CUSTOMER S OBLIGATIONS
7.1
You shall not:
(a)
Assign, sub-let, charge or part with possession of the
Equipment or any part of it;
(b)
Remove the Equipment or allow it to be removed from
the Installation Address;
(c)
Interfere or modify the Equipment in any way or allow
such interference or modification;
(d)
Permit the Equipment to be affixed or incorporated
into any other property so that they become an accession without our prior
written consent or without having the third party acknowledge in writing that our
interest in the Equipment takes priority over the third party s interest in the
other property.
(e)
Interfere with any identification marks, labels, logos
or notice on the Equipment.
7.2
You acknowledge and represent to us that:
(a)
Your entry into, and performance of your obligations
under the Agreement, do not and will not, breach any law or any material
agreement affecting you;
(b)
Your Customer Environment is in good working order and you are solely responsible for its availability
and integrity; and
(c)
You will take all reasonable precautions to safeguard
your business and specifically your Customer Environment, the Software and all
software and data to minimise potential loss or disruption, including (as
applicable) implementing effective audit control, working methods, firewalls,
virus checking controls and data security measures including appropriate data
and software back-ups.
7.3
You shall comply with all laws, statutes or regulations
in relation to the use of the Equipment and Services.
7.4
You shall immediately notify us in writing of any
change of your address or intention to change the place where the Equipment is
kept.
8.
SERVICES & SERVICE FEES
8.1
You shall keep, service and maintain the Equipment in
the same working conditions as at the Commencement Date (fair wear and tear
excepted), utilising the Services, and through payment of the Service Fees.
8.2
In return for the Service Fees, we will:
(a)
supply all labour, materials, travel and consumables (excluding
paper and staples, which may be supplied at additional cost) as Services to
maintain the Equipment in good working order during the Term and while the Equipment
remains at the Installation Address; and
(b)
use best endeavours to provide temporary loan
equipment, should Equipment be unable to be repaired within 48 hours.
8.3
The Service Fees are subject to annual increase, to
account of increased costs of labour, parts or consumables.
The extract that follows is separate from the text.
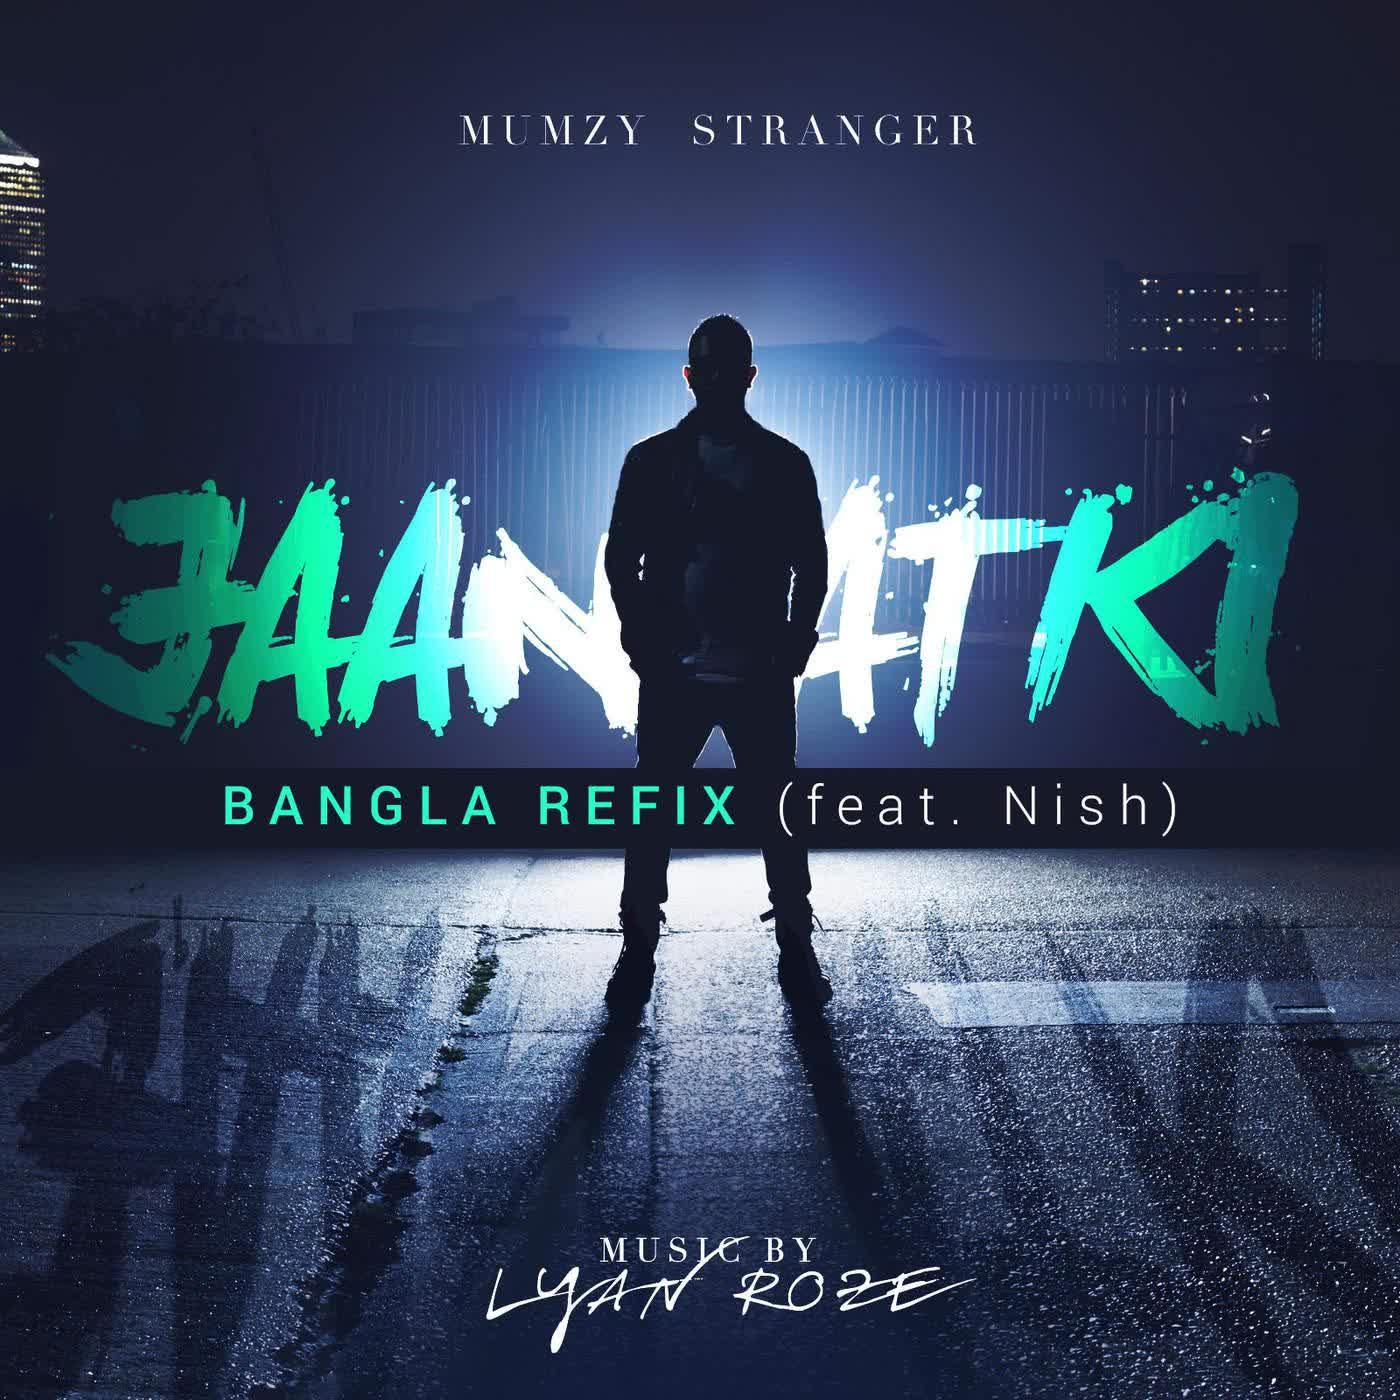 Jaan Atki (Bangla Refix) Mumzy Stranger Mp3 Song

We may charge
freight for the delivery of consumables.
8.4
The following are excluded from the Services, and if provided by us, may
be invoiced as additional Charges:
(a)
Services relating to accessories, attachments and
other features or equipment not supplied by us;
(b)
Damage caused by fire, flood, accident, abnormal use
or abuse, or if the machine has been tampered or interfered with, adjusted or
worked on by a third party, be they technical or not, or damage caused to any
part of the machine by failure to provide appropriate environmental conditions,
corrosive gases, or any matter foreign to a clean office environment such as
pumice dust or any form of grit or dirt which may shorten the estimated
manufacturers life of components such as image drum, fuser rollers, bearings,
rubber rollers, optics, clutches and drives;
(c)
Software demonstrating a fault for which its third party manufacturer has not or does not intend to
release a correction;
(d)
Service necessitated by a virus or denial-of-service
attack (or similar) in your Customer Environment;
(e)
Preventative maintenance (services supplied by us
unrelated to a malfunction of the Equipment);
(f)
Where you repeatedly request on-site Service and we reasonably
determines there is no fault; and
(g)
Service required as a result of misuse of the
equipment, operator errors or the use of improper, poor quality, or non-specification materials or
consumables.
8.5
Outside of the agreed Services, nothing in the
Agreement shall impose any responsibility on us to service, maintain, or repair
the Equipment.
8.6
If the Equipment is relocated from Installation
Address, we may, acting reasonably, vary the Service Fees to account for the
change, or terminate the Agreement on written notice to you if the change makes
it impractical or uneconomic for us to continue providing the Services.
8.7
Initial supply of the Equipment may include Services
related to installation on your Customer Environment and set up of ancillary
services, such as scanning, faxing, and device management. Subsequent services
of this nature (e.g. if you change your Customer Environment) will be
chargeable at our standard rates applicable at the time of service.
8.8
Services will be provided during Business Hours.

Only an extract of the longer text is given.